A Study on Intuitive IoT Interface System using 3D Depth Camera (3D 깊이 카메라를 활용한 직관적인 사물인터넷 인터페이스 시스템에 관한 연구)

  • Park, Jongsub;Hong, June Seok;Kim, Wooju
    • The Journal of Society for e-Business Studies
    • /
    • v.22 no.2
    • /
    • pp.137-152
    • /
    • 2017
  • The decline in the price of IT devices and the development of the Internet have created a new field called Internet of Things (IoT). IoT, which creates new services by connecting all the objects that are in everyday life to the Internet, is pioneering new forms of business that have not been seen before in combination with Big Data. The prospect of IoT can be said to be unlimited in its utilization. In addition, studies of standardization organizations for smooth connection of these IoT devices are also active. However, there is a part of this study that we overlook.

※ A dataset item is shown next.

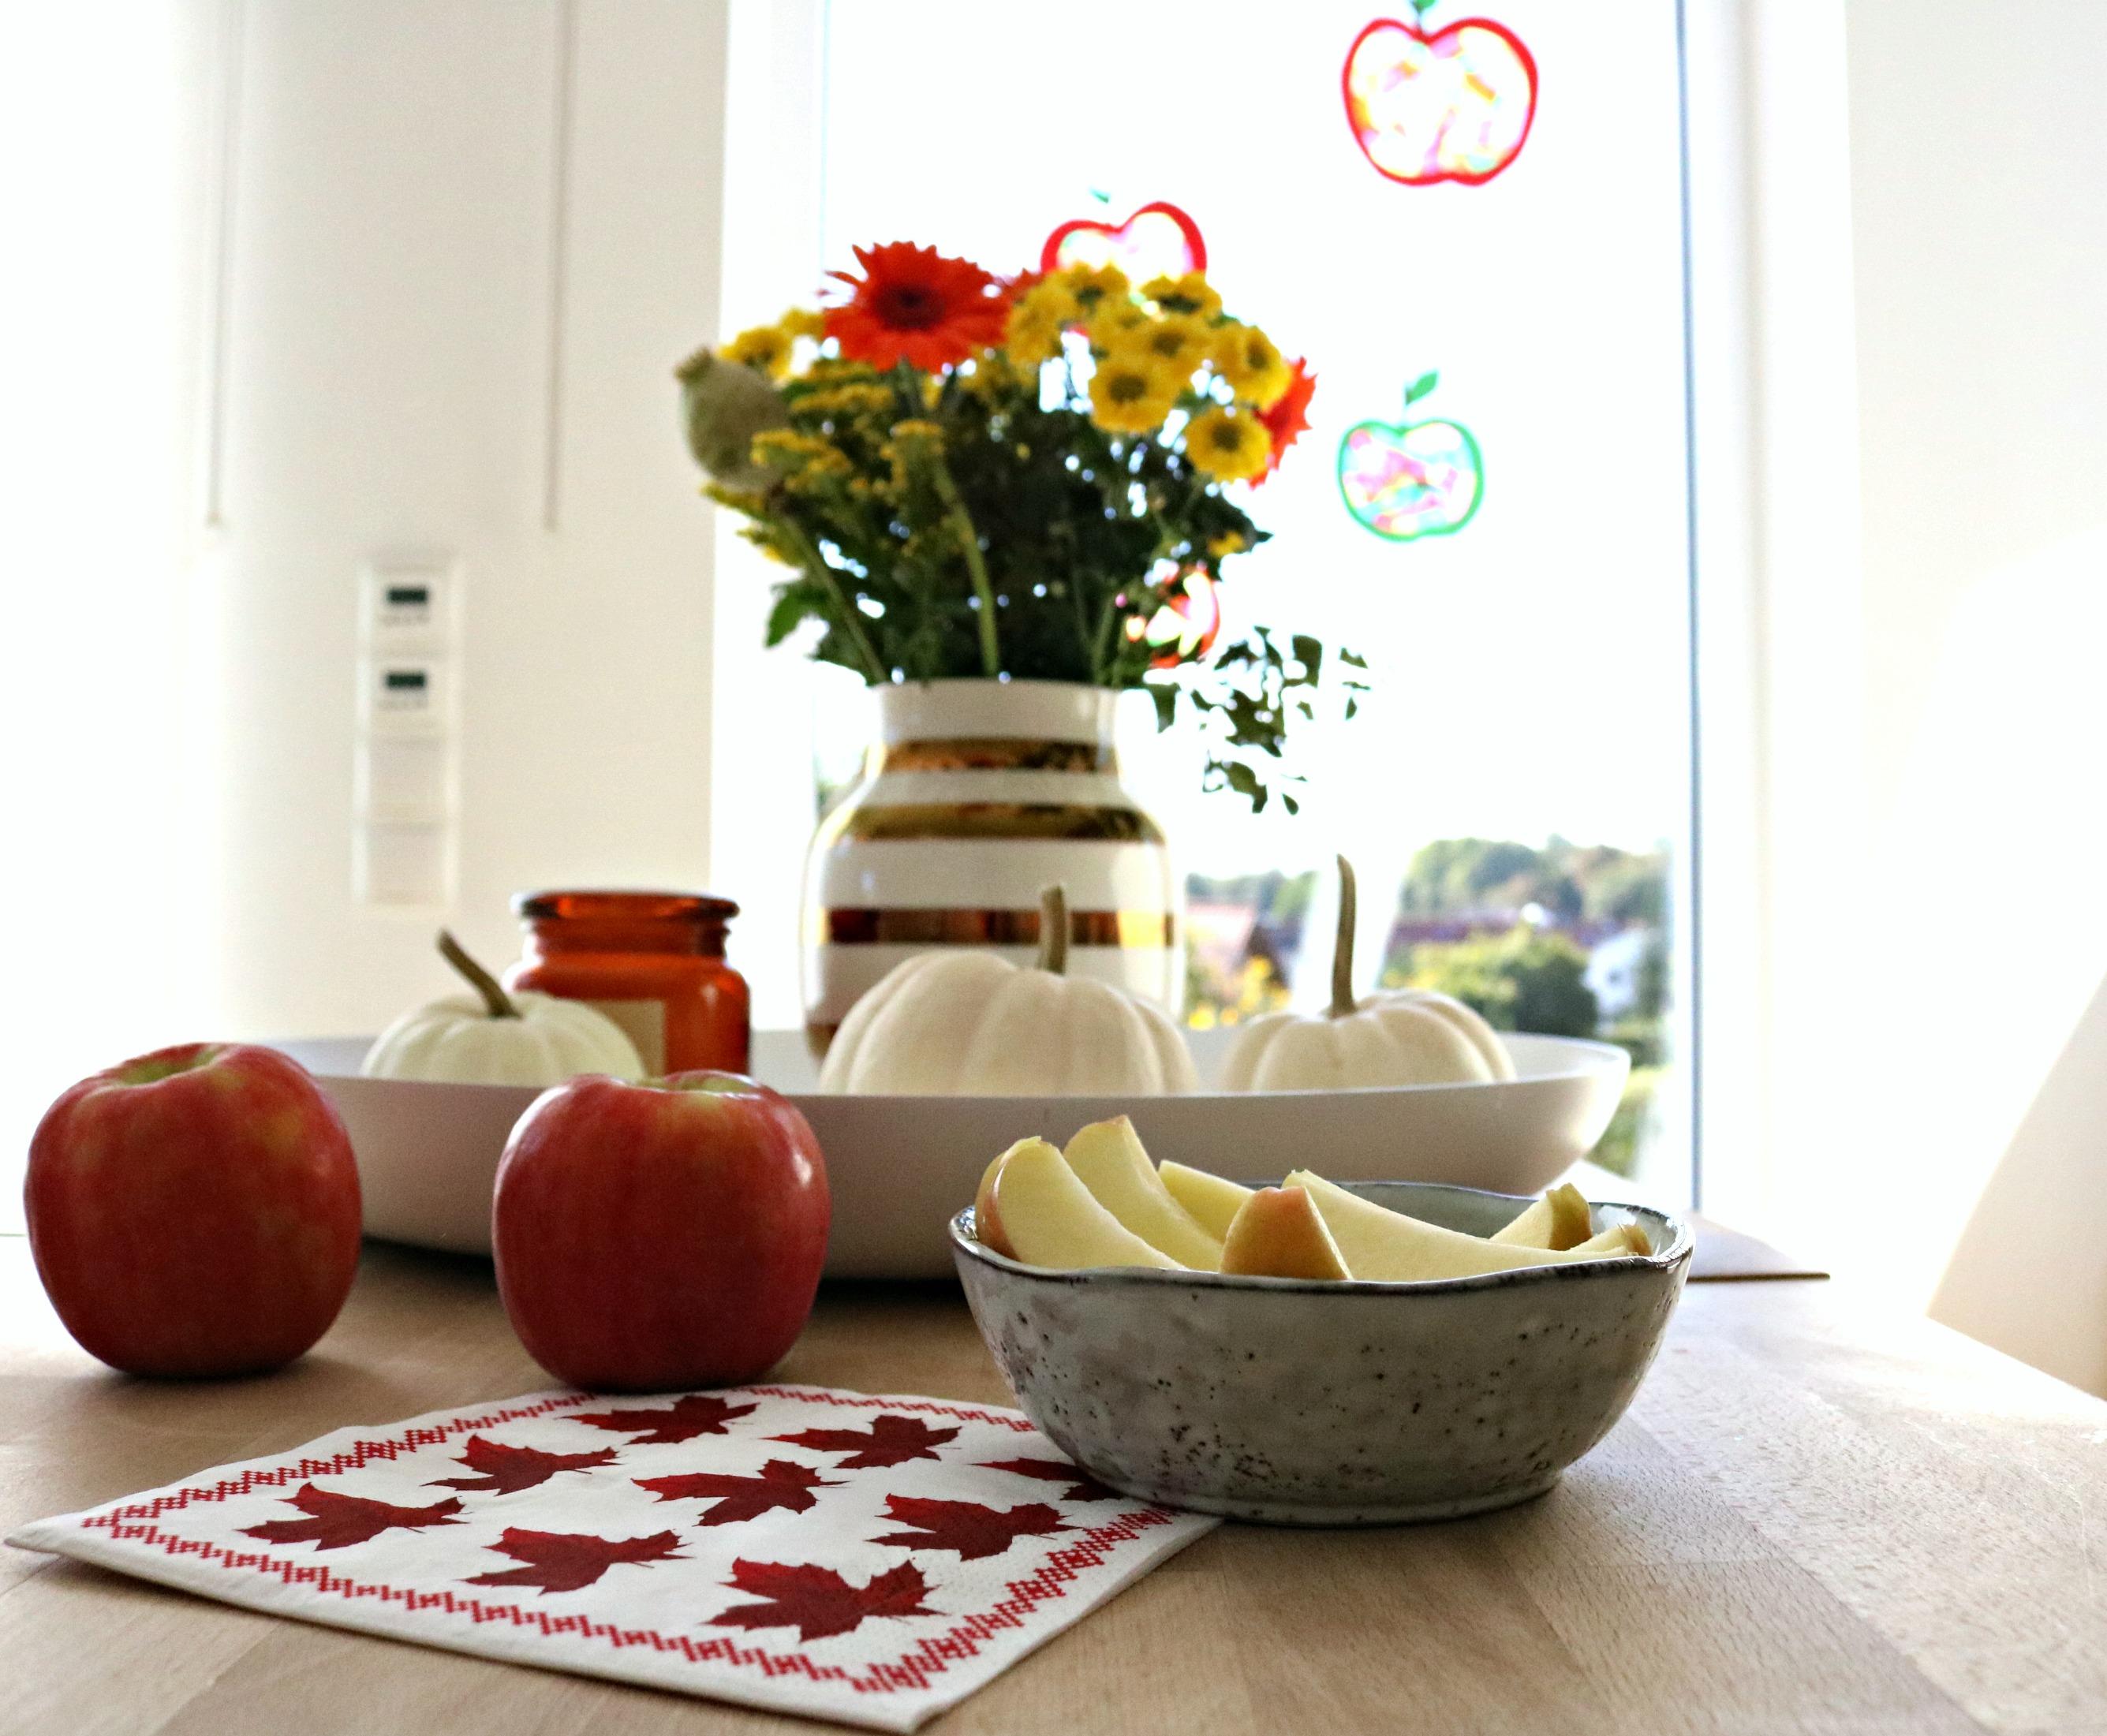 Apfelfensterbild_Herbstdeko

In order to control IoT equipment or acquire information, it is necessary to separately develop interworking issues (IP address, Wi-Fi, Bluetooth, NFC, etc.) and related application software or apps. In order to solve these problems, existing research methods have been conducted on augmented reality using GPS or markers. However, there is a disadvantage in that a separate marker is required and the marker is recognized only in the vicinity. In addition, in the case of a study using a GPS address using a 2D-based camera, it was difficult to implement an active interface because the distance to the target device could not be recognized. In this study, we use 3D Depth recognition camera to be installed on smartphone and calculate the space coordinates automatically by linking the distance measurement and the sensor information of the mobile phone without a separate marker. Coordination inquiry finds equipment of IoT and enables information acquisition and control of corresponding IoT equipment. Therefore, from the user's point of view, it is possible to reduce the burden on the problem of interworking of the IoT equipment and the installation of the app. Furthermore, if this technology is used in the field of public services and smart glasses, it will reduce duplication of investment in software development and increase in public services.